Cloud Microphysical Processes and Atmospheric Water Budget during the 20 July 2021 Extreme Precipitation Event in Zhengzhou, China


  • This study investigated the cloud microphysical processes and atmospheric water budget during the extreme precipi-tation event on 20 July 2021 in Zhengzhou of Henan Province, China, based on observations, reanalysis data, and the results from the high-resolution large-eddy simulation nested in the Weather Research and Forecasting (WRF) model with assimilation of satellite and radar observations. The results show that the abundant and persistent southeasterly supply of water vapor, induced by Typhoons In-Fa and Cempaka, under a particular synoptic pattern featured with abnormal northwestward displacement of the western Pacific subtropical high, was conducive to warm rain processes through a high vapor condensation rate of cloud water and an efficient collision–coalescence process of cloud water to rainwater.
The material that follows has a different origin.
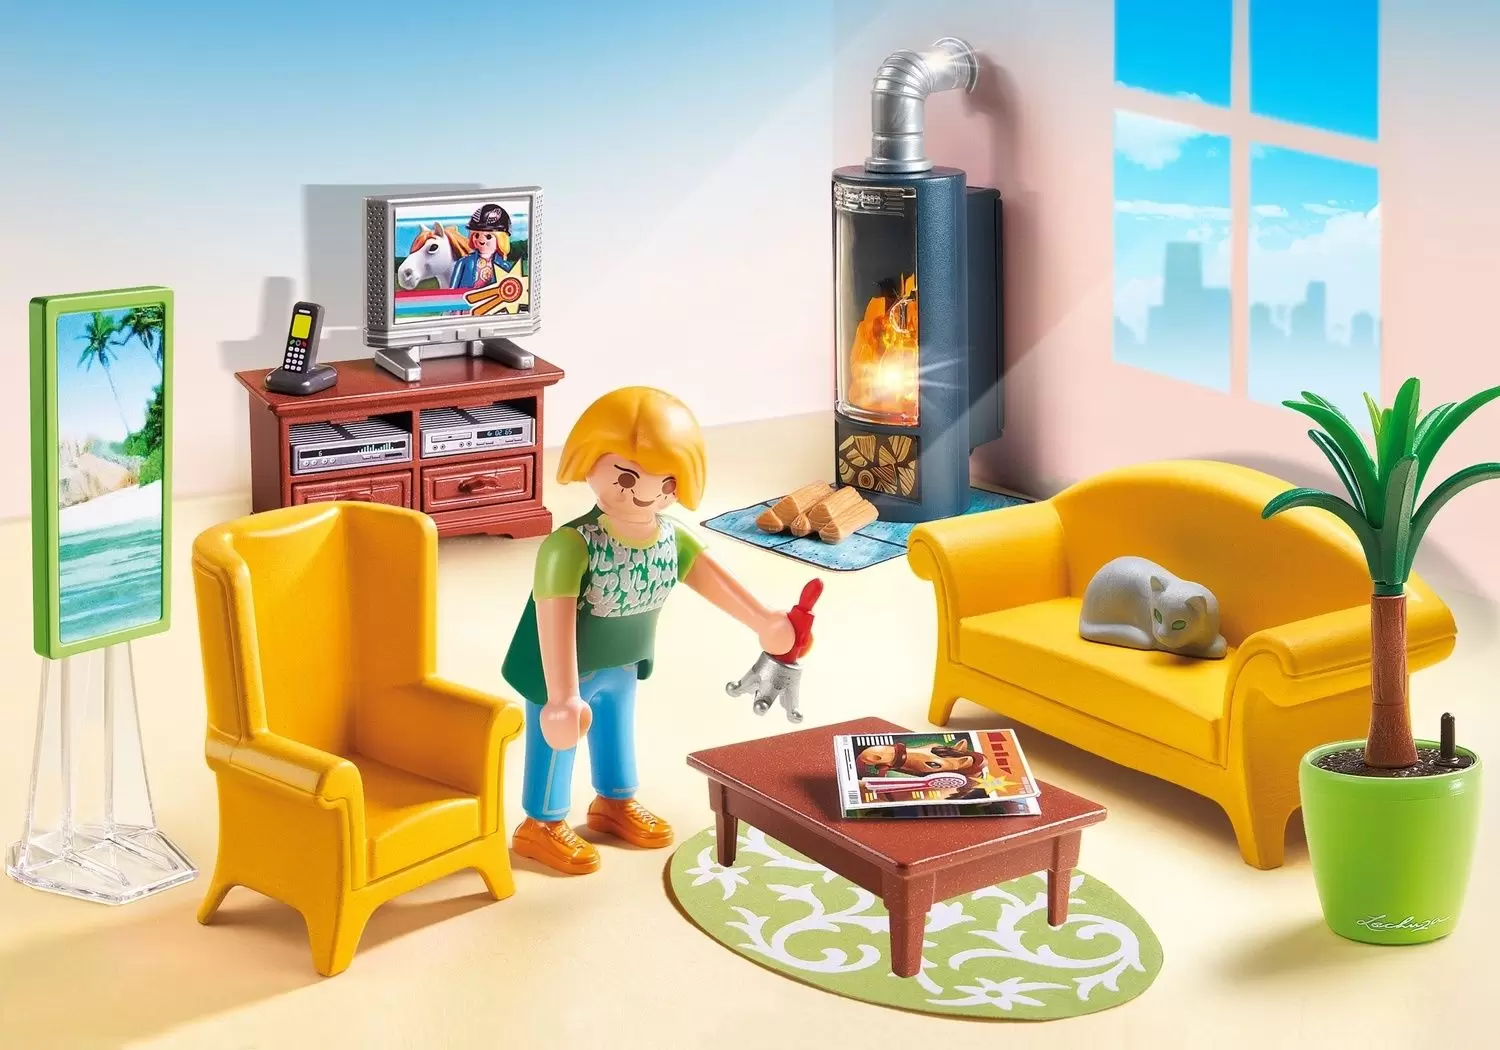 Playmobil Houses and Furniture - Living Room with Fireplace

Such conditions were favorable for the formation and maintenance of the quasi-stationary warm-sector heavy rainfall. Precipitation formation through the collision–coalescence process of cloud water to rainwater accounted for approximately 70% of the total, while the melting of snow and graupel accounted for only approxi-mately 30%, indicating that warm cloud processes played a dominant role in this extreme rainfall event. However, enhancement of cold cloud processes promoted by latent heat release also exerted positive effect on rainfall during the period of most intense hourly rainfall. It was also found that rainwater advection from outside of Zhengzhou City played an important role in maintaining the extreme precipitation event.